The Supreme Court did not feel inclined to decide this question since it could decide the case on a narrower issue, and the mortgage of the allotment letter in the facts of that case was enforced on the principle of estoppel.
Had the Supreme Court gone into the above said question it would have found support in Hill Properties Ltd. v. Union Bank of India1, wherein the right of ownership of a flat was purchased by R-5 therein by becoming a shareholder of the housing company which was providing the flat, to the extent of the value of the flat. The share certificate by virtue of which R-5 was allotted the flat was pledged with the Bank to create a mortgage, in the absence of any registered conveyance of the flat in question : facts which are almost identical to the facts of Syndicate Bank case. In Hill Properties case it was held that what the said share certificate, which is the equivalent of an allotment letter, creates a “species of property” or “species of interest” which can validly be mortgaged by deposit of such document with the Bank. The Supreme Court in Hill Properties case followed Himmatlal Shah2, in holding that this “species of property” or “species of interest” in the flat, is freely transferable/alienable i.e. can be sold, gifted, bequeathed, inherited, mortgaged, etc. It was held that this “species of property” includes both an independent right over the flat itself, and an undivided interest over the common areas and facilities (see paras 12, 13, 15 and 16 of Hill Properties).
The abovesaid question formulated by the Supreme Court involves several legal aspects which require consideration, which, it is respectfully submitted, involve a number of propositions which are required to be demonstrated and established. These are as follows:
(2) Nemo dat quod non habet i.e. no one can give what he does not have : no one can transfer a property right or interest in property that he does not have, is one of the bedrock principles of Property Law. The principle of nemo dat quod non habet finds statutory recognition, for instance in Sections 7, 8 and 48 TPA.
(3) If one can only transfer property which one has, then it follows that a person who has merely an allotment letter (or similar document) in respect of some immovable property but which is not a registered document of title, must hold some kind of proprietary interest, some “species of interest” in the immovable property concerned, so as to be in a position to create a mortgage in respect thereof. This is true as any kind of mortgage must necessarily involve a “transfer of an interest in immovable property”.

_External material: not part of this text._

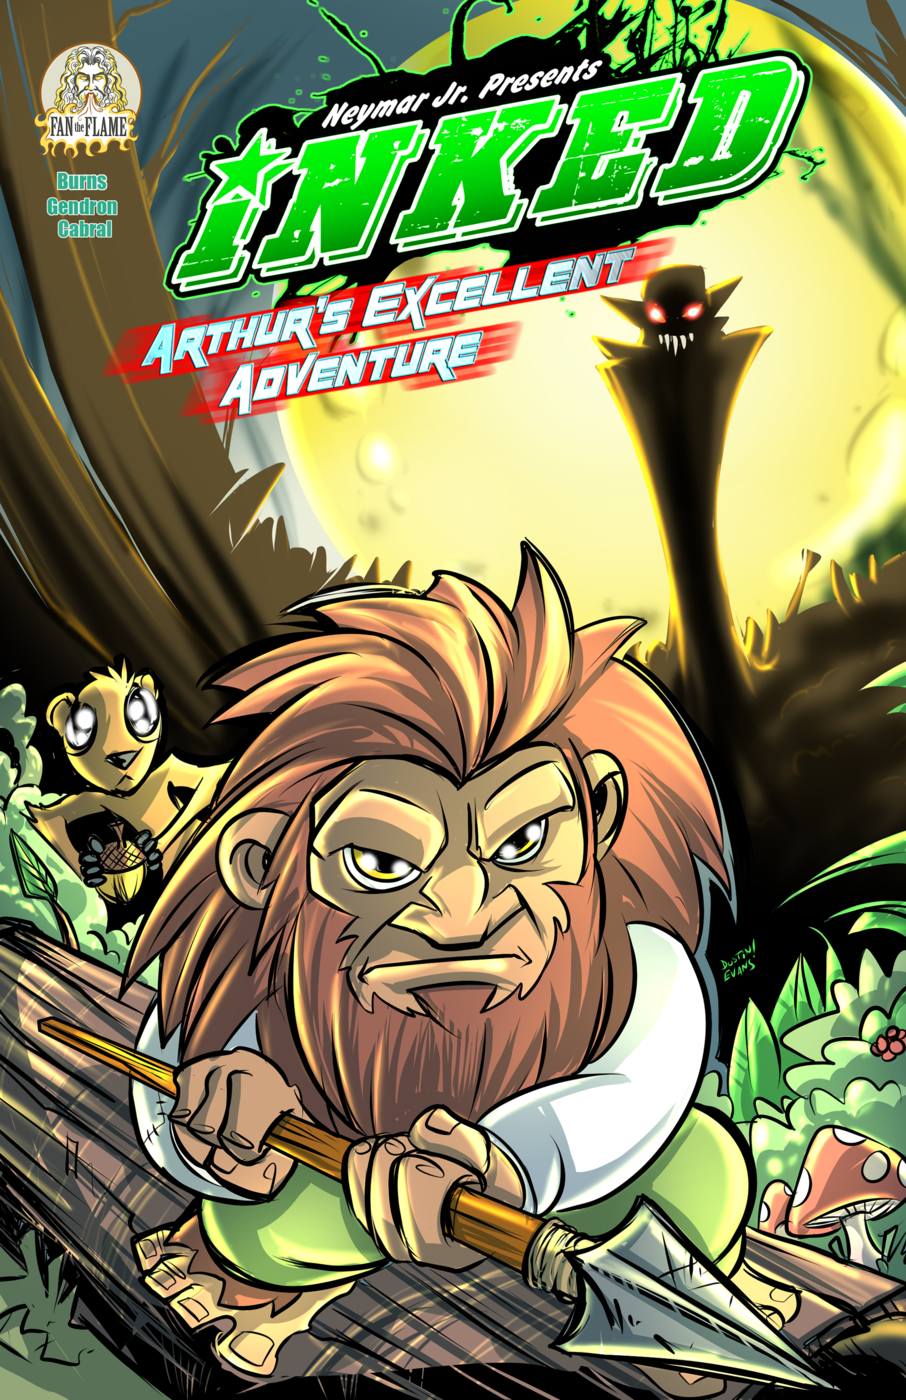 Inked: Arthur's Excellent Adventure #1.1

(4) Thus, it is only if the holder of the allotment letter or similar document (not being a registered instrument of title) has some interest in the immovable property that he would be in a position to transfer some interest in the immovable property so as to create a mortgage.

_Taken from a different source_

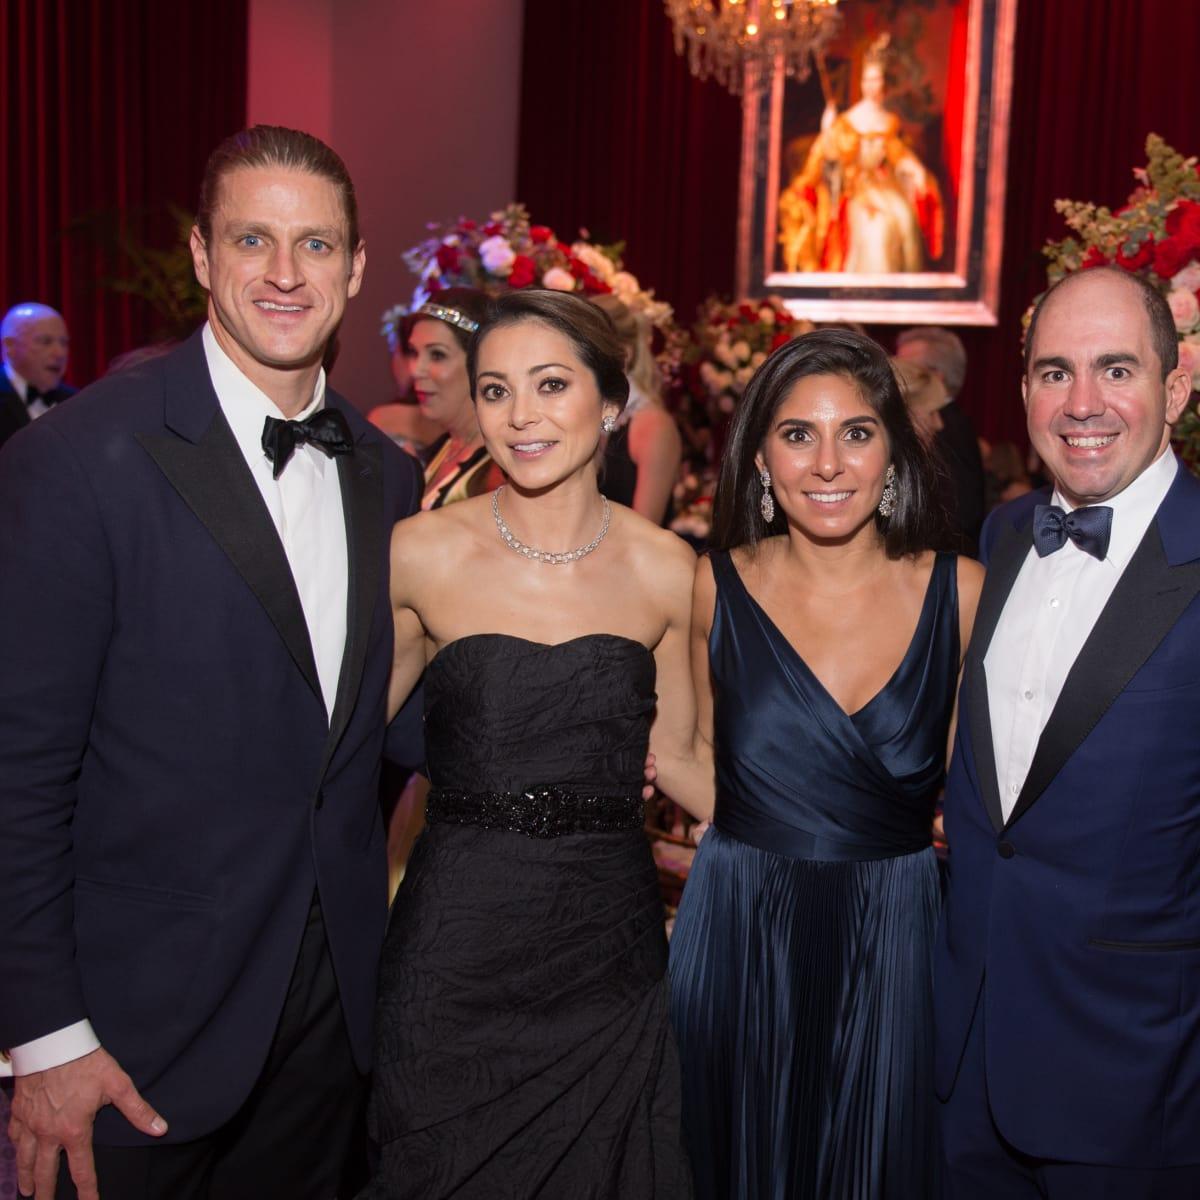 MFAH 2018 Grand Gala Ball

(5) Normally an allotment letter is equivalent to or is accompanied by a contract for sale of immovable property i.e. a contract that a sale of such property shall take place on terms settled between the parties.

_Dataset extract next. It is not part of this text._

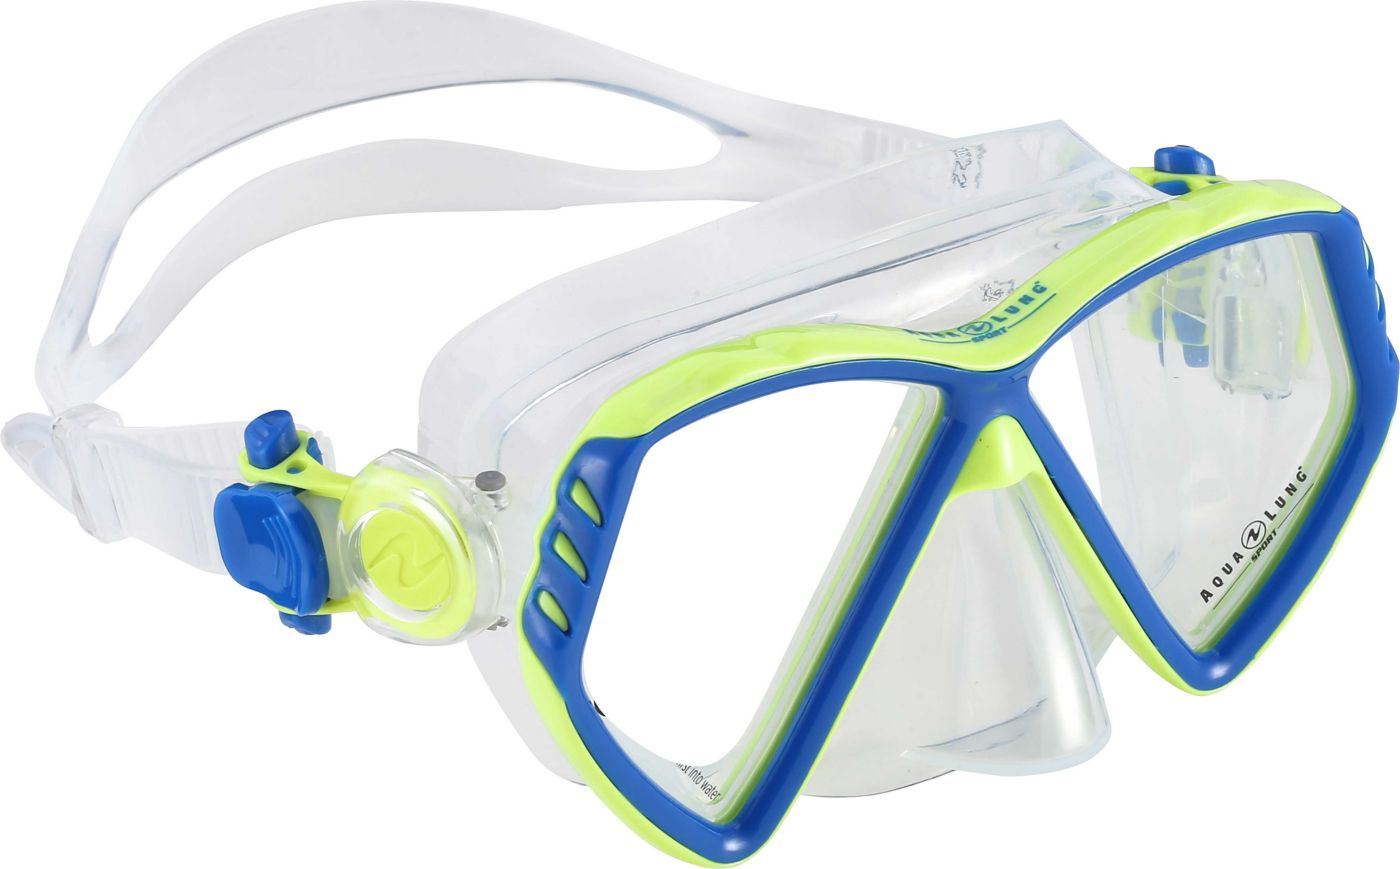 Aqua Lung Sport Youth Cub Snorkeling Mask

(6) Hence, the first question that arises is : What is the nature of interest in immovable property that the holder of an allotment letter or contract for sale in respect thereof holds? It will be demonstrated that an allotment letter or contract for sale creates a constructive trust in respect of the immovable property which is the subject-matter of the contract for sale, with the seller as constructive trustee holding the legal title for the benefit of the buyer : with the buyer as the beneficiary or cestui que trust of such constructive trust which arises by operation of law. That is to say, the buyer under a contract for sale holds an equitable estate in the immovable property in question which mirrors the legal estate held by the seller. This equitable estate subsists so long as the contract for sale in question remains specifically enforceable. Once a proper sale deed is registered in accordance with law, and only then, the legal and equitable estates merge and stand transferred to the buyer absolutely, and the buyer becomes the holder of the full legal estate of the seller in the immovable property concerned.
(7) The legal proposition that a buyer under a contract for sale (not being a registered instrument of title) holds an equitable estate in the immovable property which is the subject-matter of the contract for sale, is not free from controversy, as there are conflicting judgments of the Supreme Court on this issue.
(8) To establish this proposition, it is necessary to bring out clearly the true nature and hallmarks of property from relevant statutory provisions and case law i.e. What is unique to proprietary relationships which distinguishes them from all other kinds of legal relationships? Once these unique hallmarks of proprietary character have been demonstrated, the next question that arises is : Do the rights in respect of immovable property created by a contract for sale in respect thereof, exhibit these unique hallmarks of proprietary relationships, so as to qualify as being proprietary rights?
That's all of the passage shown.